Poznań: wyłączyli jedna z nitek estakady na wjeździe do miasta
Poznań: wyłączyli jedna z nitek estakady na wjeździe do miasta
TVN 24 Poznań
Estakada nad ulicą InflanckąTVN 24 Poznań

Tylko do końca marca obowiązuje warunkowa zgoda nadzoru budowlanego na korzystanie z południowej nitki estakady na Trasie Katowickiej. Od roku, po zamknięciu drugiego wiaduktu, ruch odbywa się po niej w obu kierunkach. To, czy samochody nadal będą mogły z niej korzystać, zależy od wyników ekspertyzy jaką zlecił Zarząd Dróg Miejskich. - Jeśli całkowicie zamkną estakadę na Ratajach, pojawi się komunikacyjny chaos - mówią mieszkańcy Poznania.
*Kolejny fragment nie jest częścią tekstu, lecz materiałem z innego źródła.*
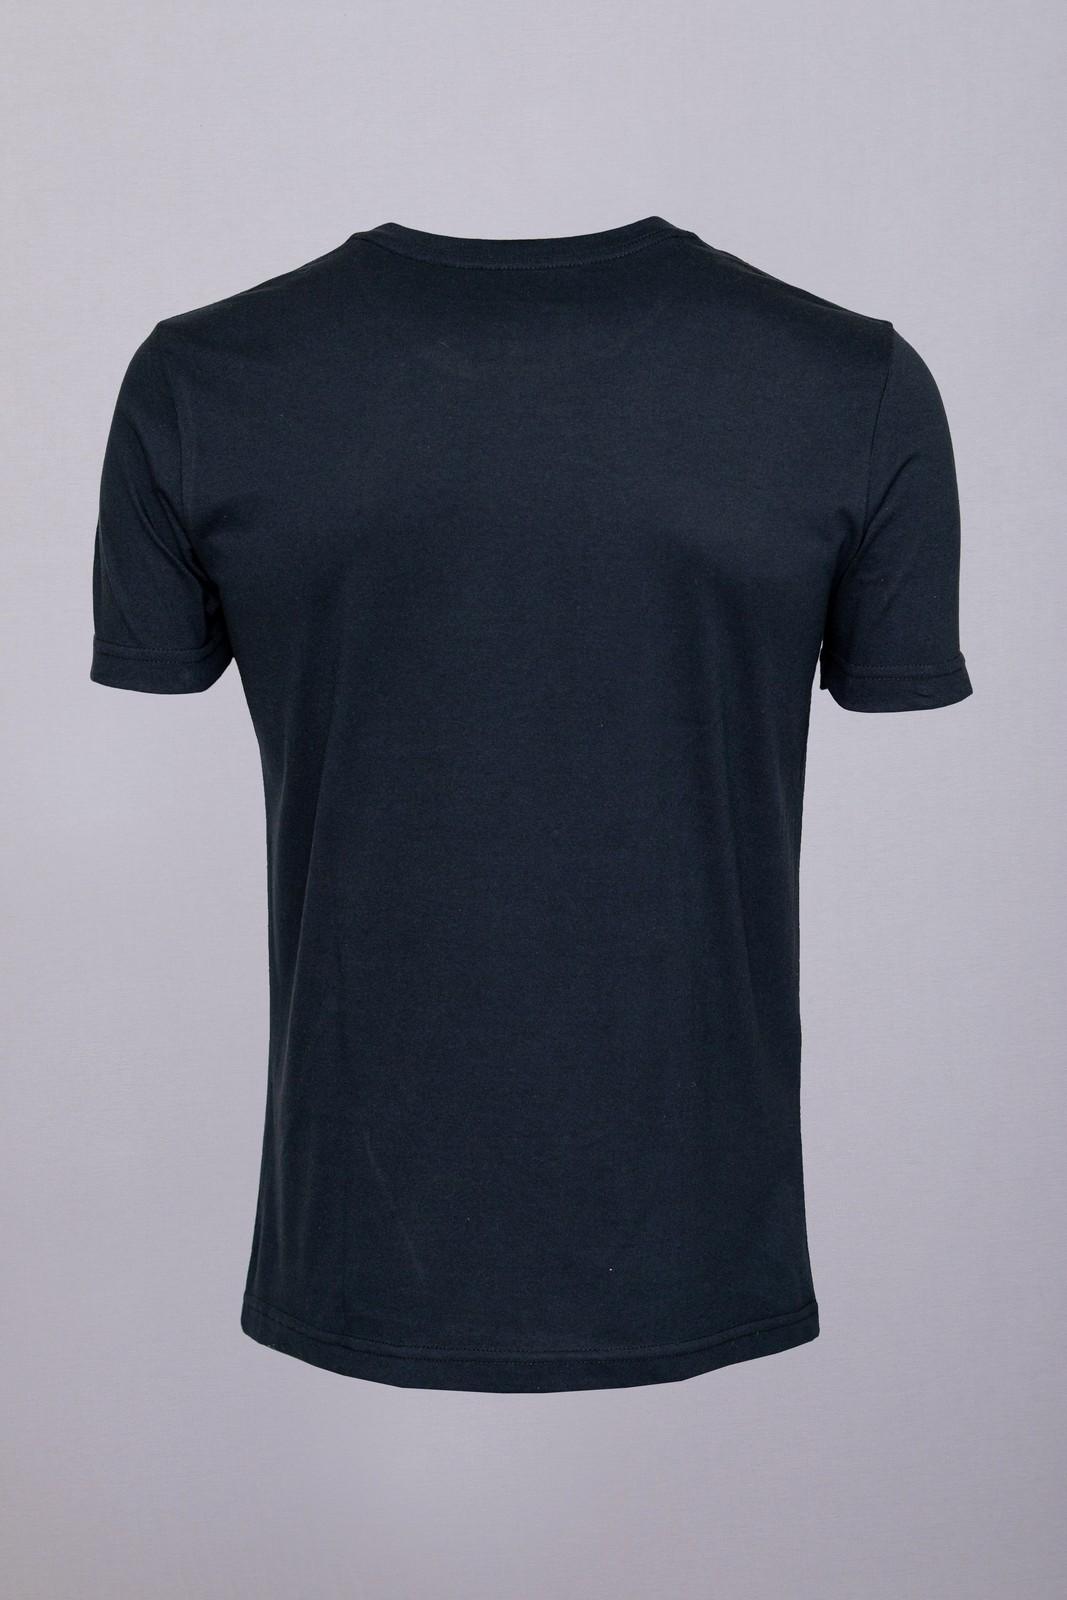 Kit Camisetas Barrocco Motos - 3 Camisetas Cor Preta/ Tamanho GG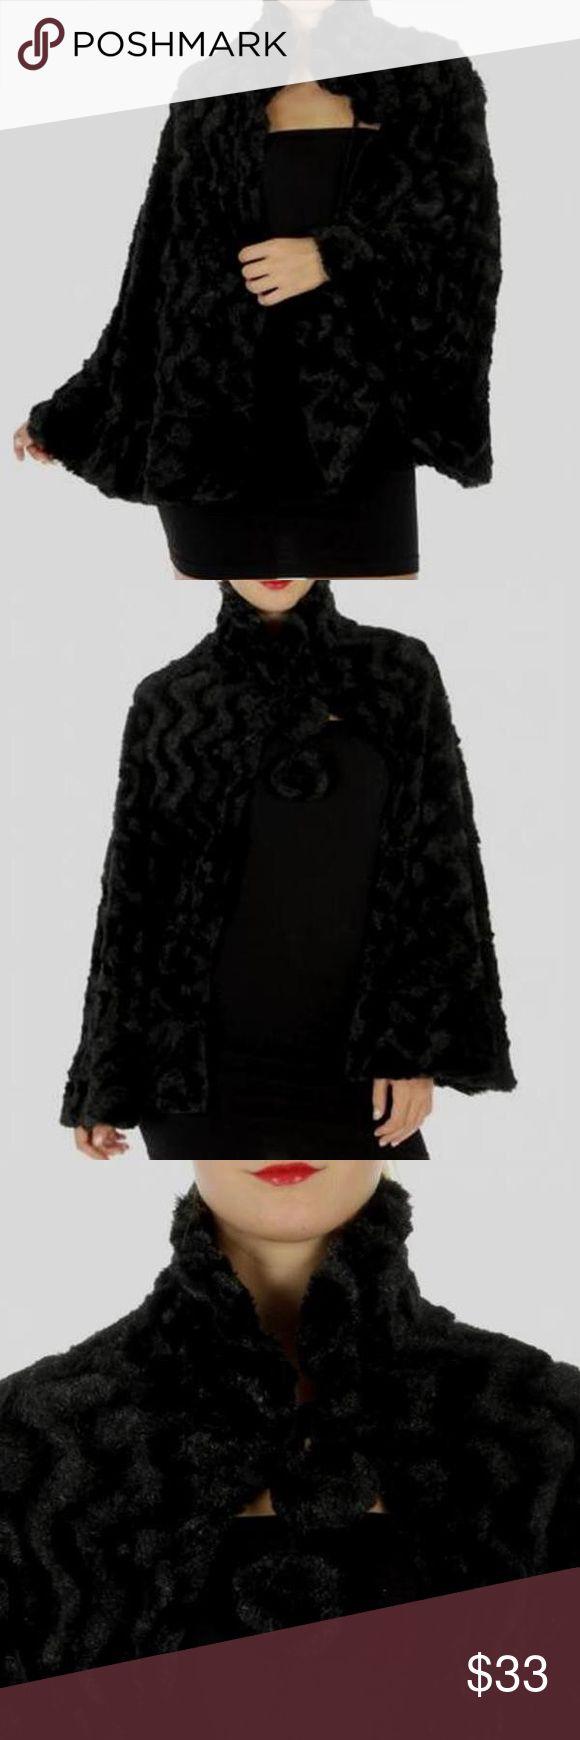 Faux fur bolero wrap cape Black faux fur bolero wrap cape. Polyester. One size. Jackets & Coats Capes

Od lutego zeszłego roku wyłączona z ruchu jest północna nitka estakady katowickiej. Między rondem Rataje a wiaduktem Chartowo kierowcy poruszają drugim wiaduktem. Ruch jest tam jednak ograniczony - pasy są zwężone, wprowadzone jest ograniczenie do 30 km/h oraz zakaz ruchu pojazdów o masie powyżej 3,5 tony. By na wiadukt nie wjeżdżały ciężarówki i autobusy, przed wjazdem na nią z obu stron ustawiono specjalne szykany, które uniemożliwiają im wjazd.

Jazda po bandzie

Taki stan rzeczy może utrzymać się jednak tylko do końca marca. Wówczas kończy się warunkowa zgoda na korzystanie z południowej nitki, jaką wydał Wojewódzki Inspektor Nadzoru Budowlanego.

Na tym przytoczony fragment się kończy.